Two of the areas with identified nitrate pollution have been a known threat to Oregonians for 25 years (Malheur and Lower Umatilla), and a third for 10 years (Southern Willamette), and yet we still haven’t solved this problem. We need to invest in better solutions now.

The Solution

Invest in Voluntary Solutions to Reduce Fertilizer Waste and Protect Water Quality
Oregon needs to invest in more funding for research and education to help right-size fertilizer use across the state, increasing the health of our soils and improving water quality while making farming more profitable. Updating Oregon State University’s fertilizer and soil fertility recommendations, many of which are several decades out-of-date could save farmers thousands of dollars per year. Most experts agree that farmers have the opportunity to reduce their fertilizer use by 30% on average.
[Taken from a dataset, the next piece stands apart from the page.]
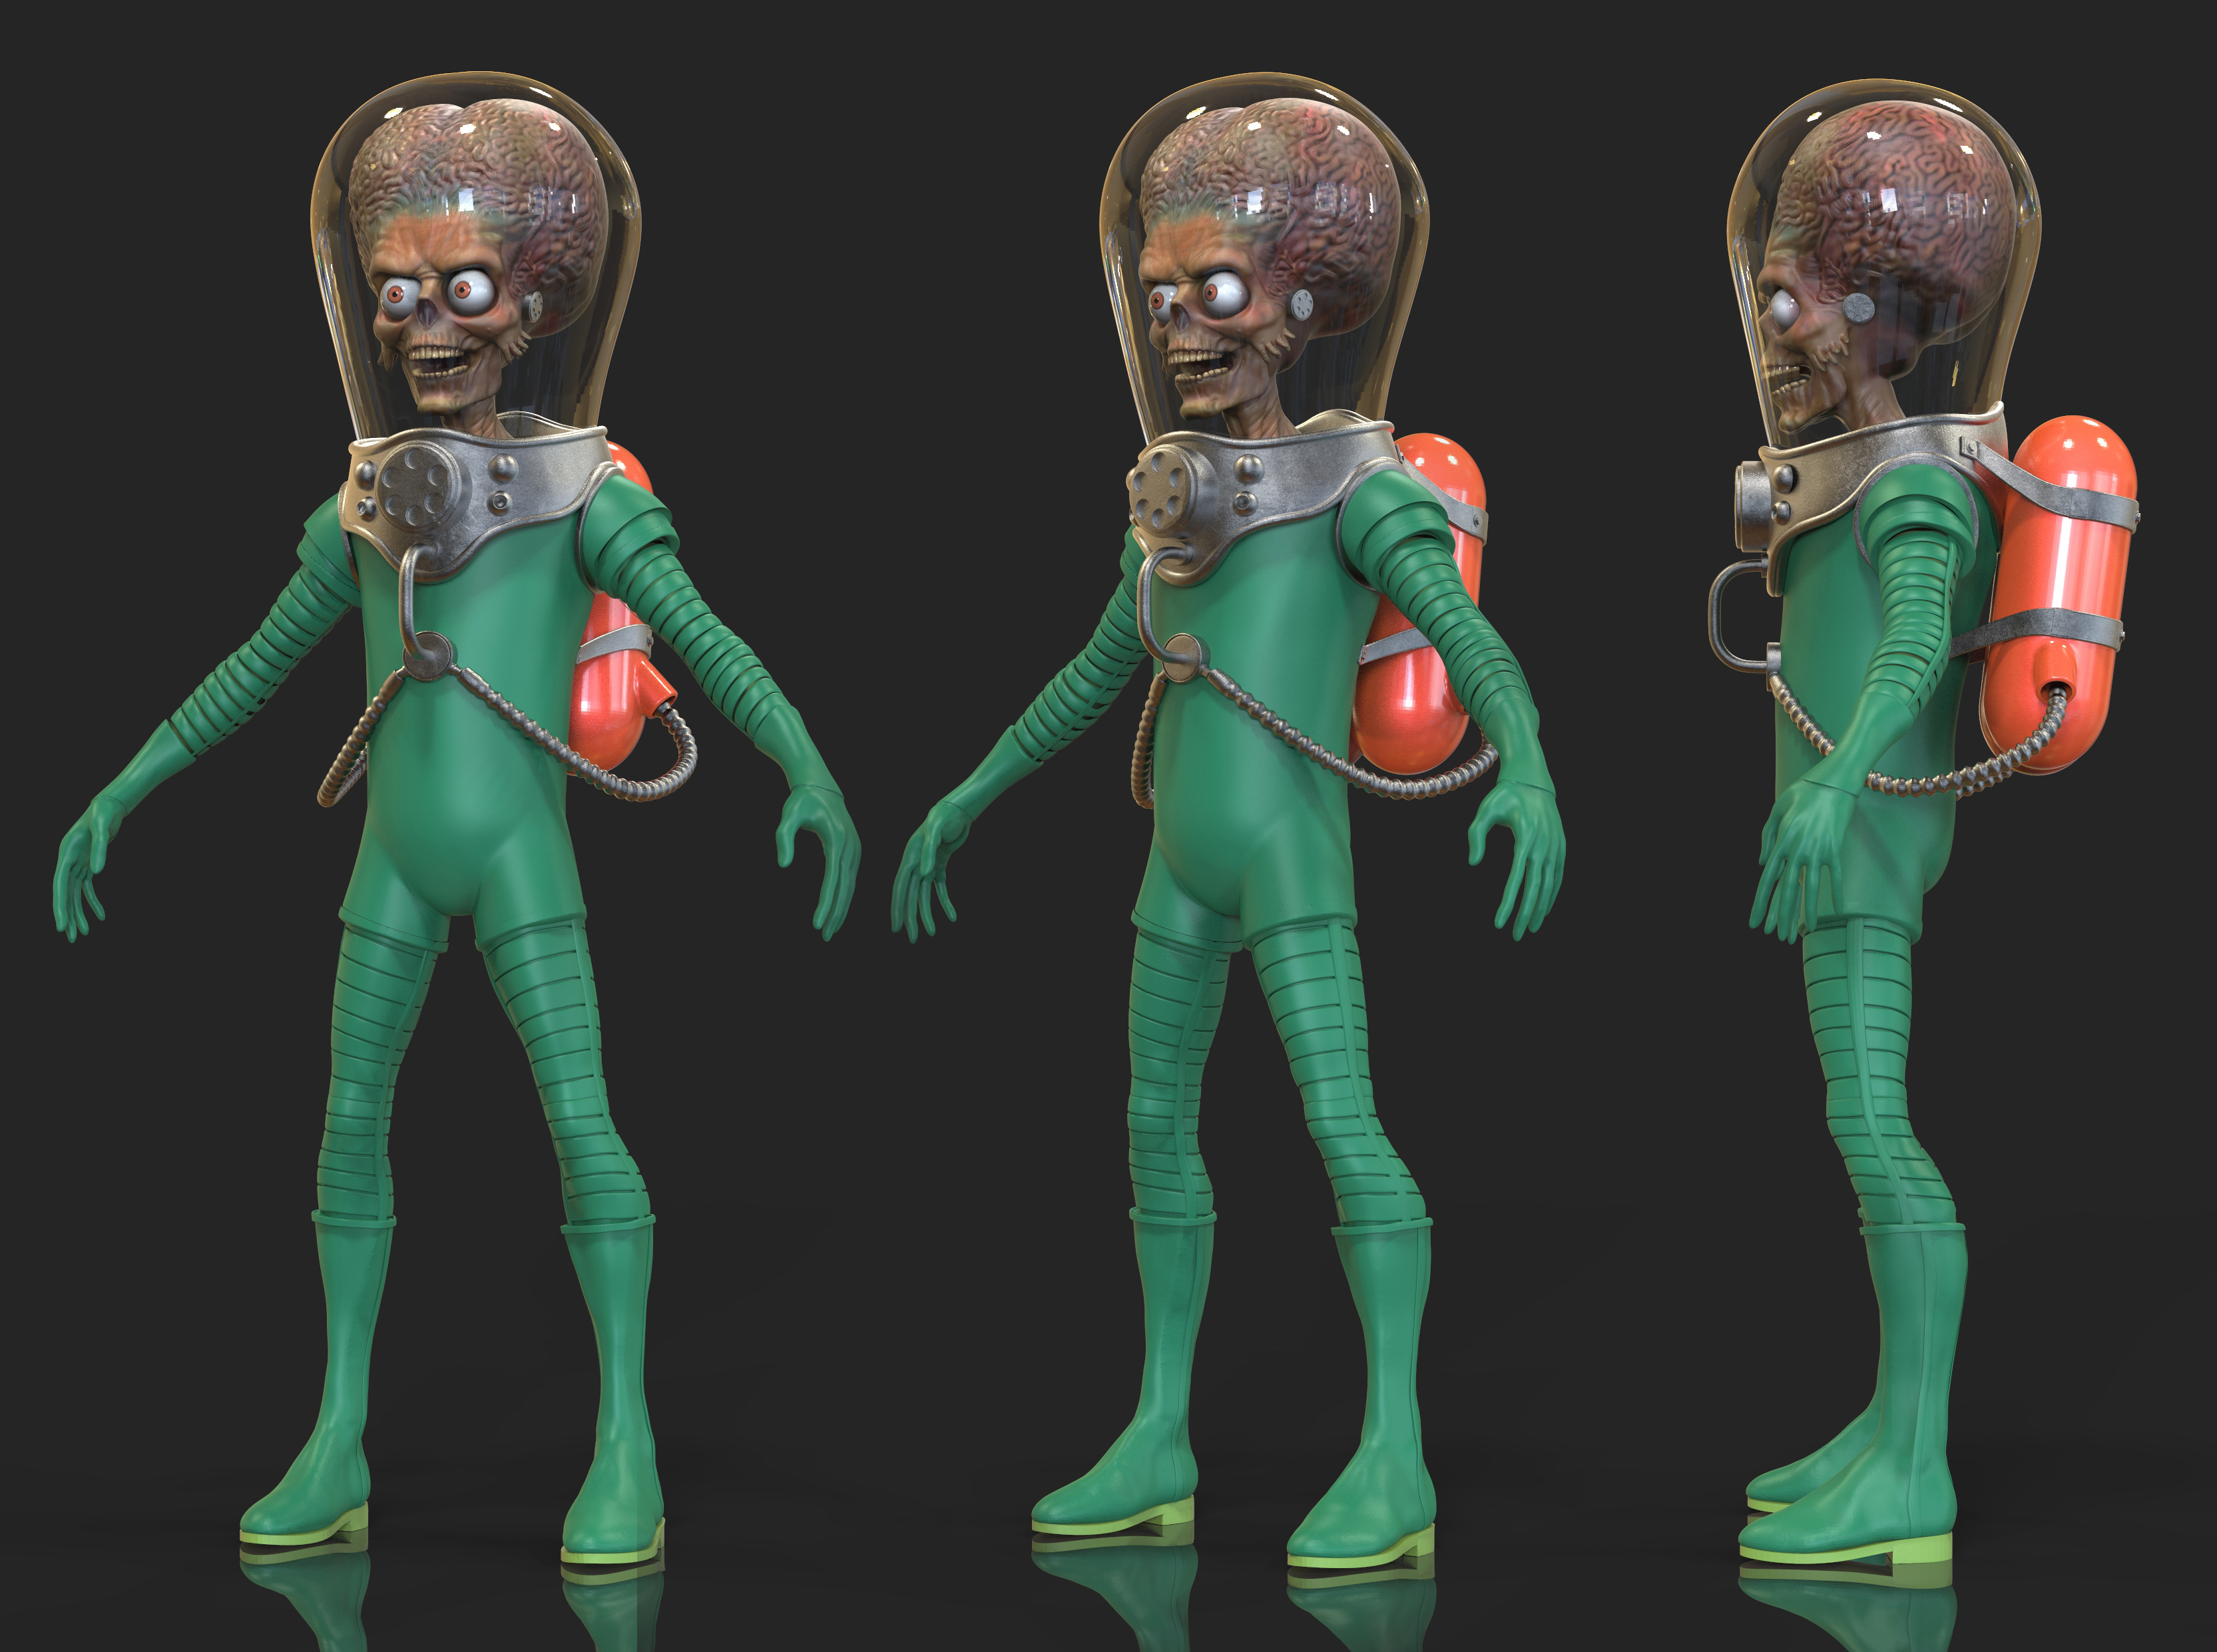 More Mars Attack Alien 3D Progress by FoxHound1984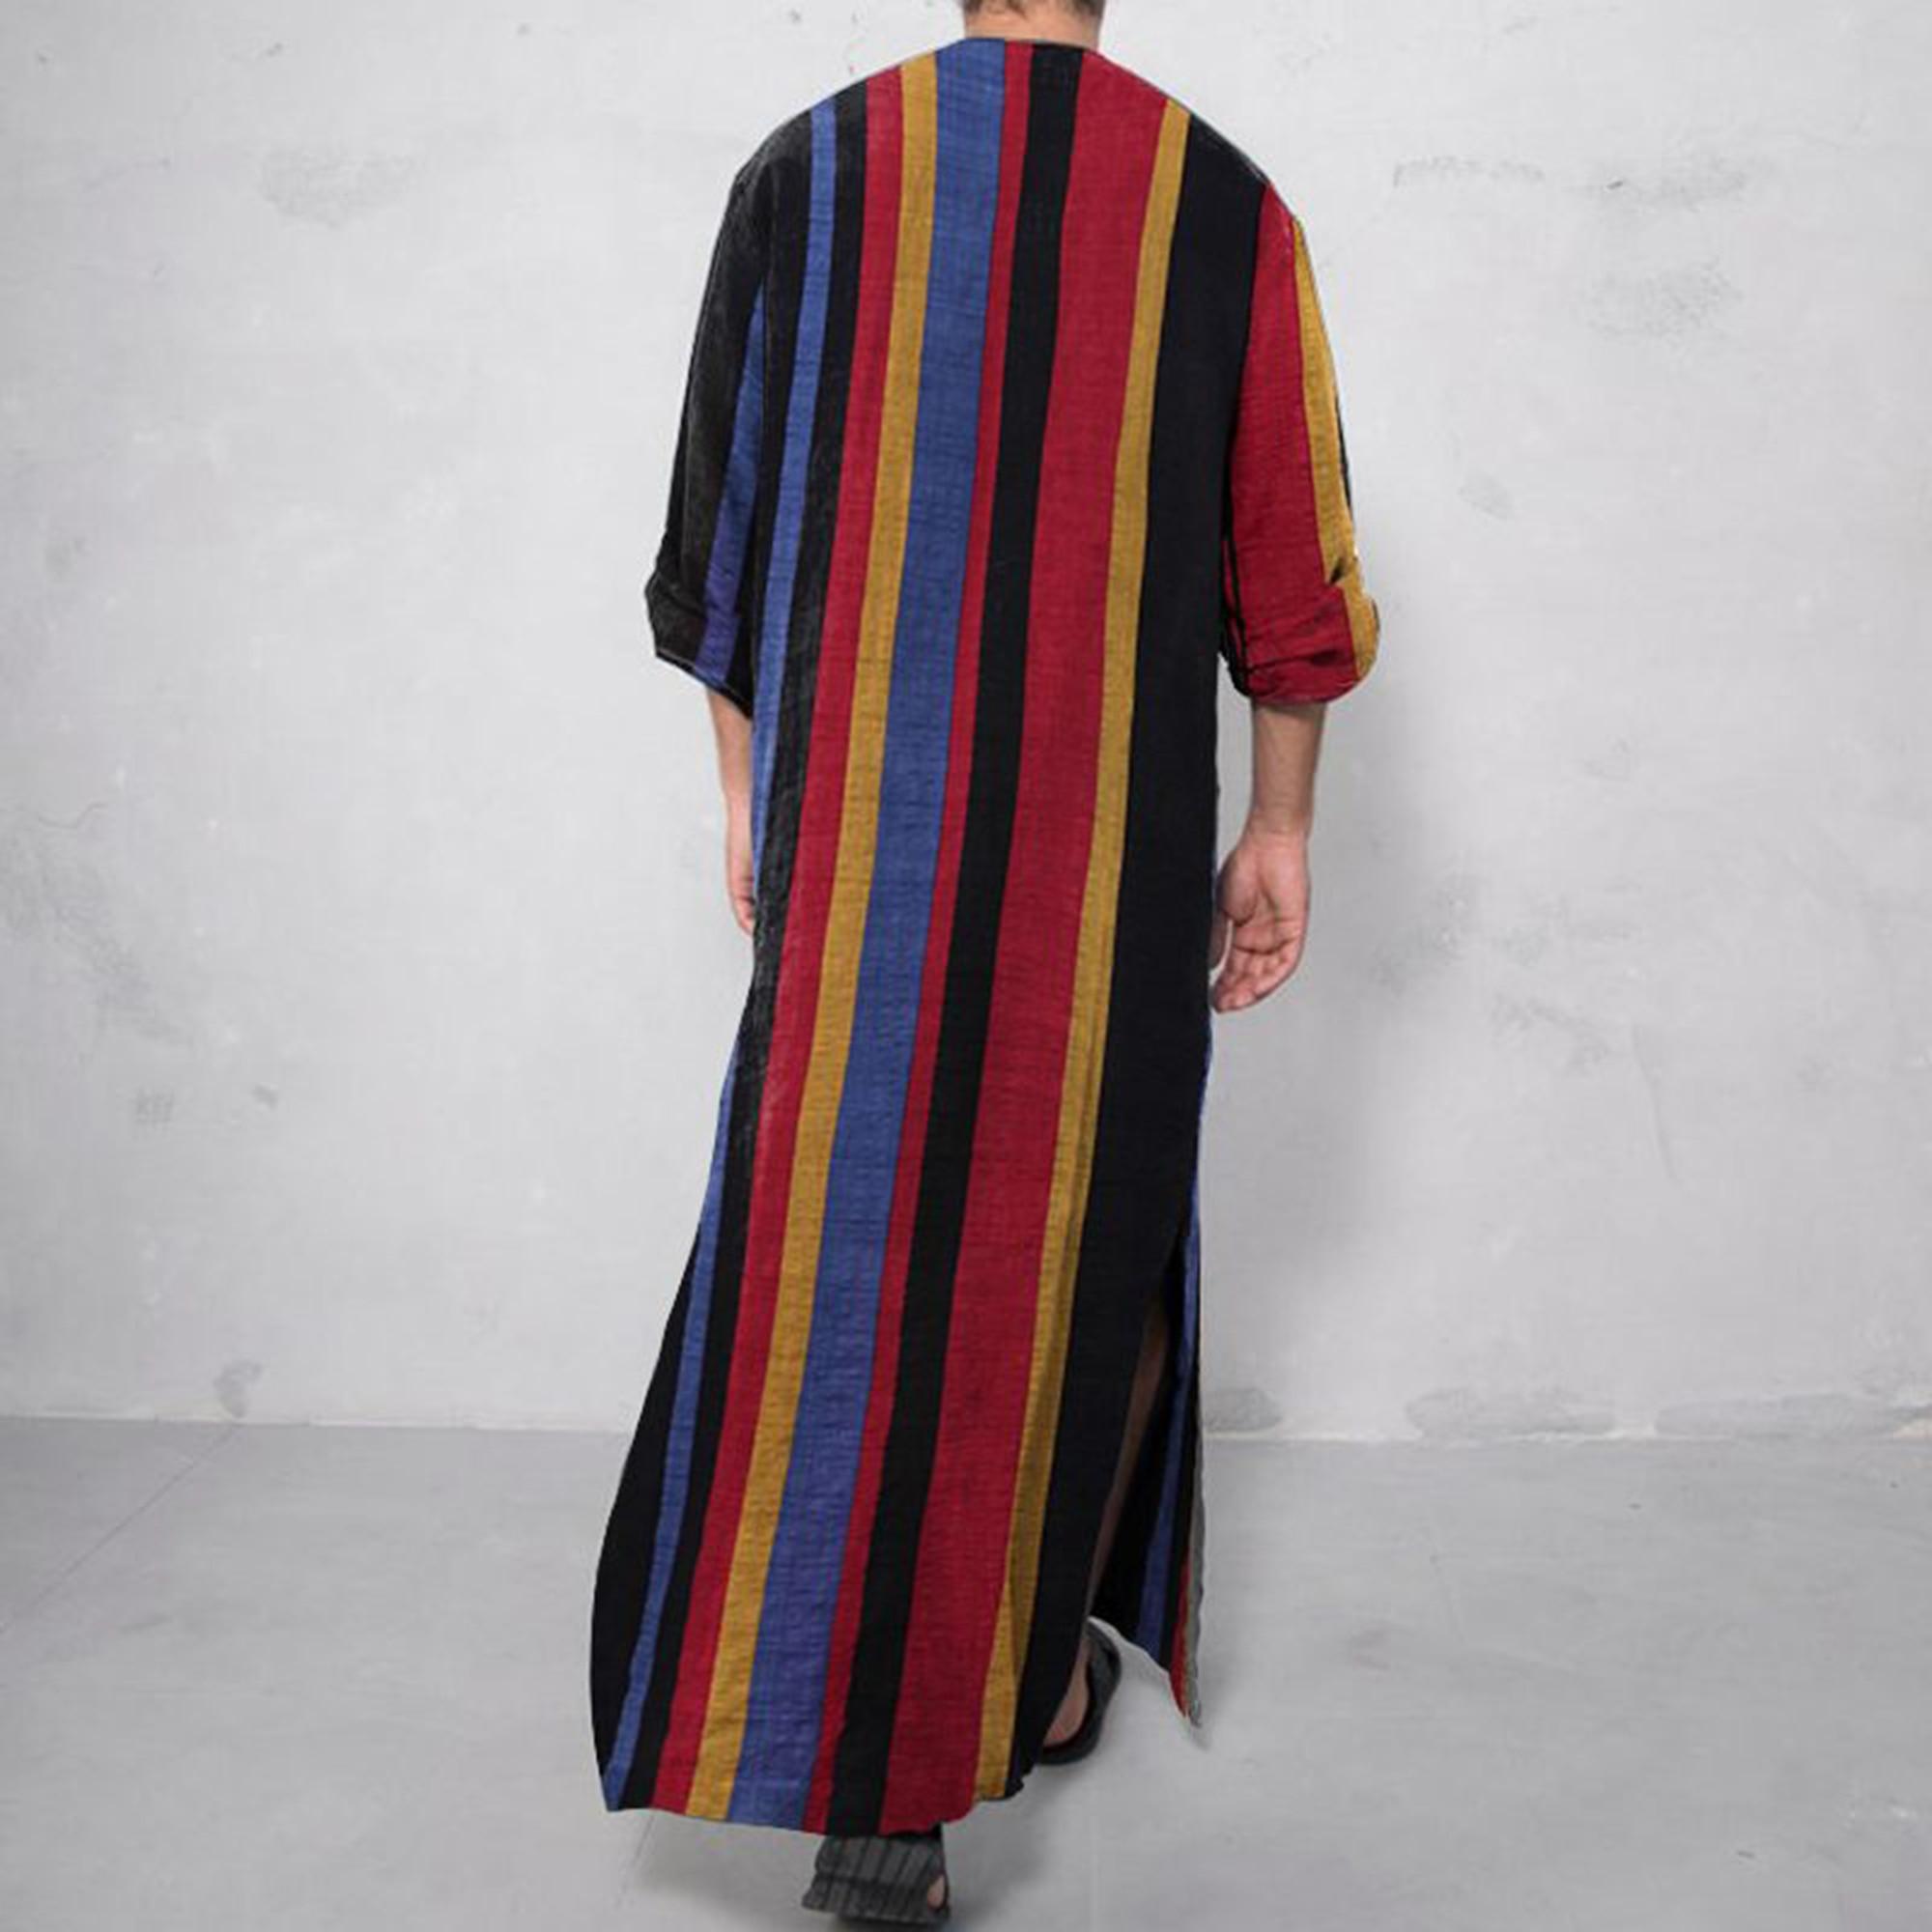 Men's Middle East Muslim Islamic Kaftan Arab Vintage Stripe Long Sleeve Men Robe Loose Dubai Kaftan Male Clothing Oversize S-4XL

The Fertilizer Savings Bill (HB 2718) Would:

  • Increase grant funding through Oregon’s Fertilizer Research Program to a minimum of $300,000/year by dedicating at least $.25/ton from Oregon’s fertilizer tonnage tax to the grant program, and expanding the purpose of grants to include education and technical assistance in addition to research.
  • Increase capacity at OSU to develop recommendations, tools and training in building soil health and increasing nutrient use efficiency by dedicating at least $0.1/ton annually from tonnage tax revenues to fund an OSU soil science faculty position.
  • Increase the Fertilizer Registration Fee cap from $25 to $50 annually (this mirrors an ODA legislative proposal).
  • Increase the Fertilizer Tonnage Tax cap from $0.45 to $0.75/ton.